Users can delete their account from the dashboard. This:
1. Deletes all wikis owned by the user (repo, FAISS index, metadata)
2. Removes all ACL grants the user has on other wikis
3. Deletes the user record from the platform DB
4. Does NOT delete the auth provider account (Google/GitHub/etc.) — that's the user's own account

Deletion is permanent and irreversible. Require explicit confirmation ("type your username to confirm").

### GDPR

If serving EU users: account deletion satisfies right-to-erasure. Add a data export endpoint (download all wikis as a zip of git repos) to satisfy right-to-portability — though the Git remote access feature already provides this.

---

## MCP Discoverability

MCP tool descriptions must be self-documenting — any MCP-capable client (Claude, GPT, Gemini, open-source agents) should be able to use the wiki tools without reading external documentation.

Each tool's MCP description should include:
- What it does
- Parameter semantics (e.g., "path is like `Actors/Iran`, not a filesystem path")
- What the return format looks like
- Common next actions ("use `list_notes` to find available pages if you don't know the path")

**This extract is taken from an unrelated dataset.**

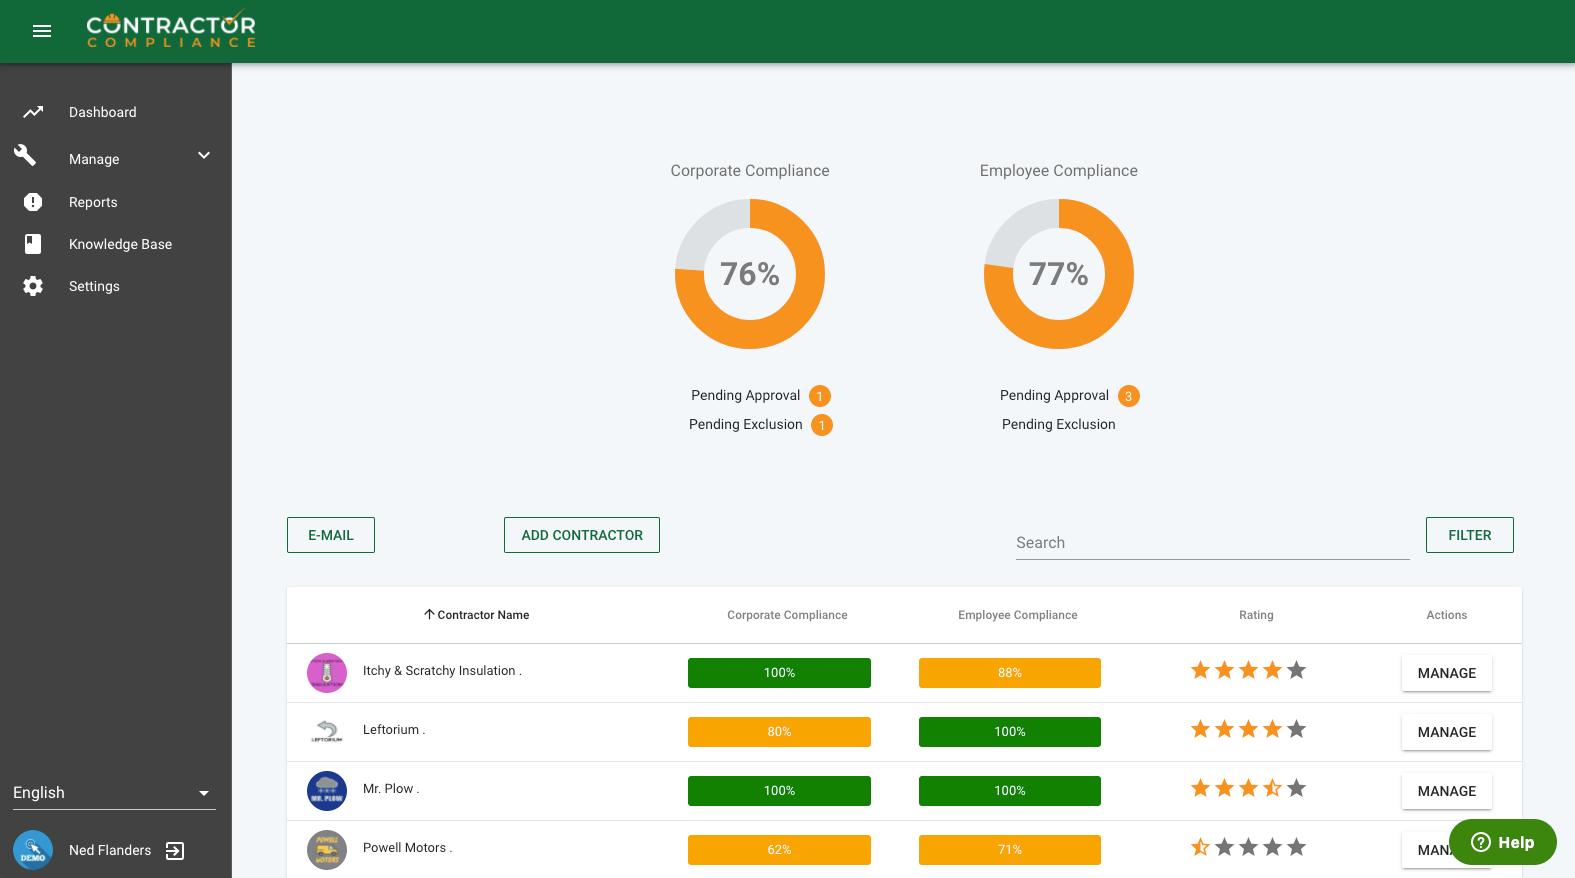 Dashboard to view key compliance metrics.

The bootstrap template's Meta/Wiki Usage Guide provides Claude-specific conventions (session protocol, gardening duties), but the MCP tools themselves should work without it. The guide is optimization, not a prerequisite.

---

## Rate Limiting and Abuse Prevention

**Launch**: OAuth-only accounts + tier limits (1 wiki, 500 pages, 3 collaborators) provide sufficient abuse prevention at low traffic. Public wiki routes are the only unauthenticated surface — acceptable risk at launch with near-zero users.

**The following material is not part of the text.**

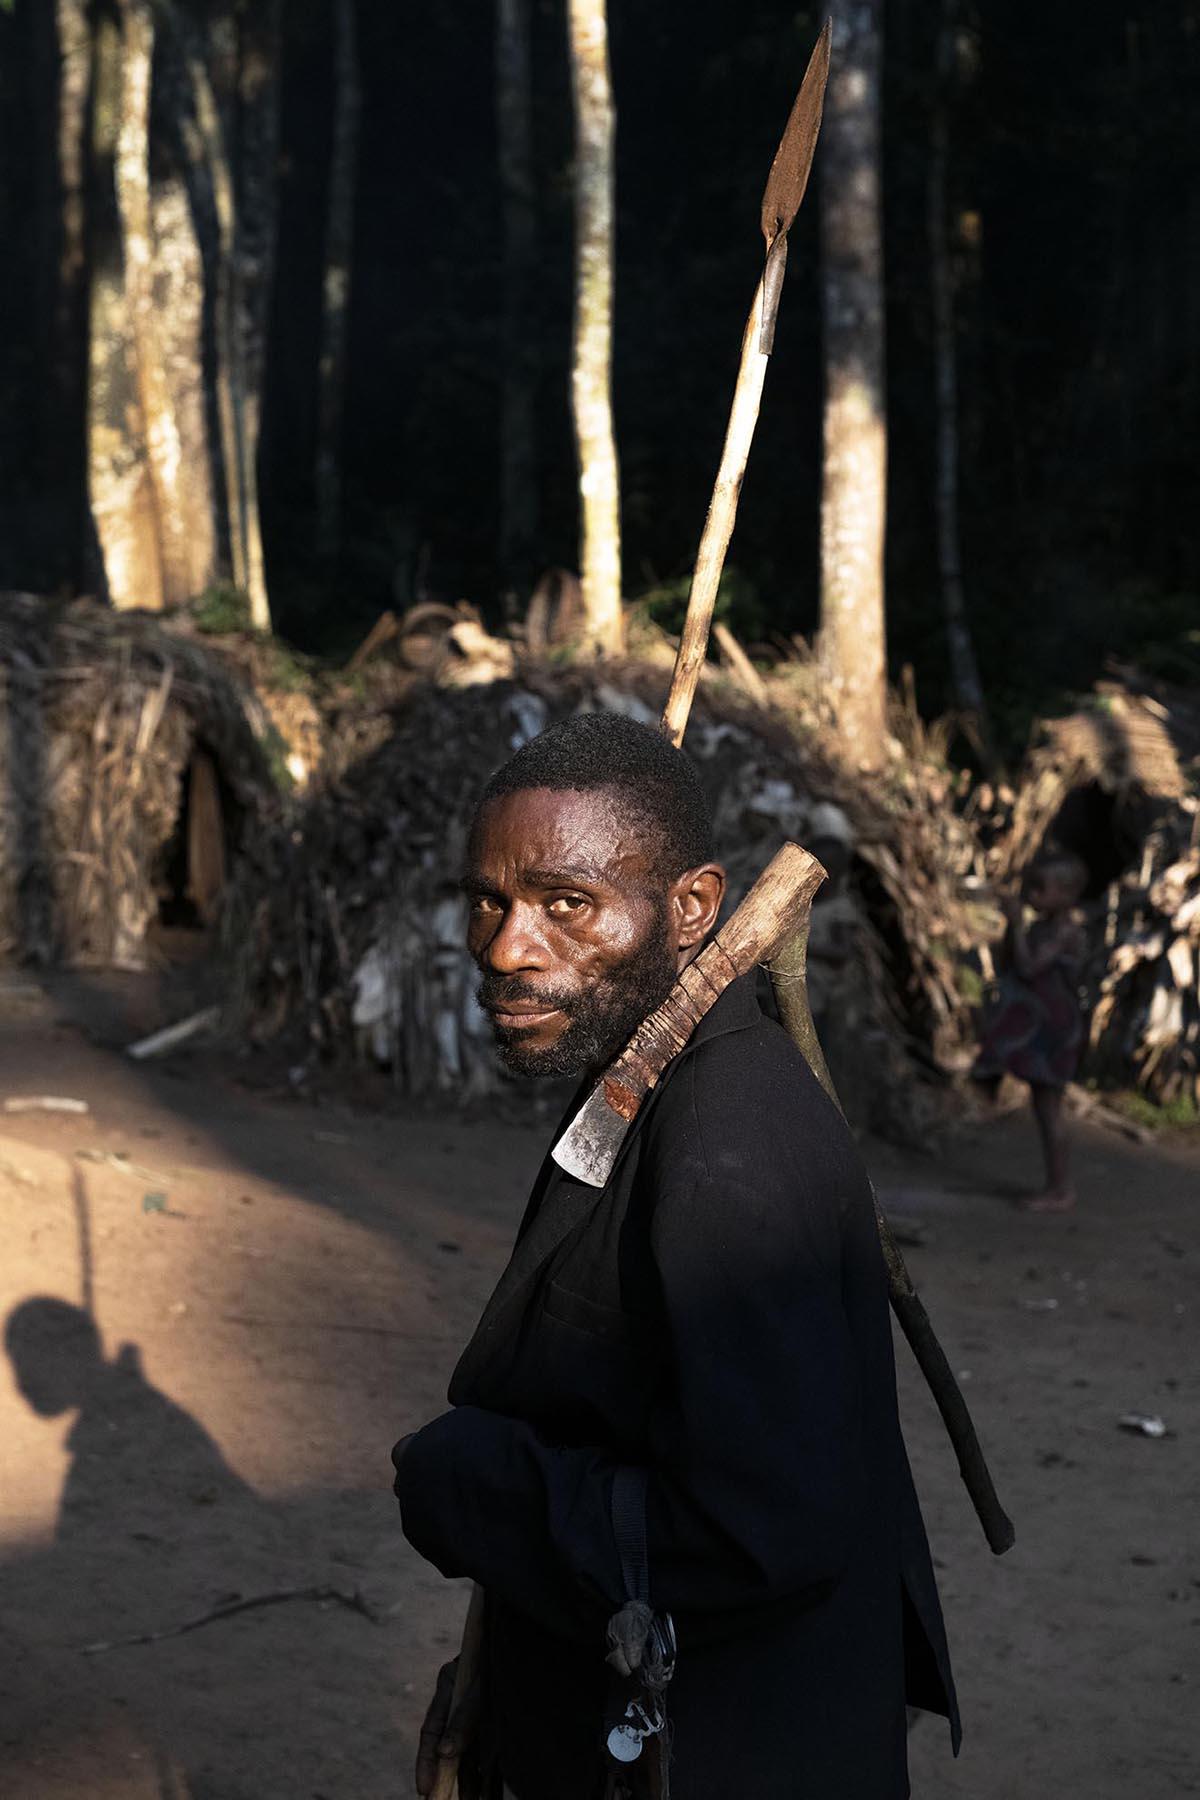 kameroen-baka-pygmeeën-man-tradionele-bijl

**Post-launch (when traffic justifies it)**: IP-based rate limiting via reverse proxy (nginx/Caddy). Geographic blocking, bot control, OWASP Top 10 rule sets via WAF or application-level middleware.

**Per-user rate limiting (premium launch)**: When premium tier ships, add per-user throttling on API and MCP endpoints. Define specific limits when the need materializes.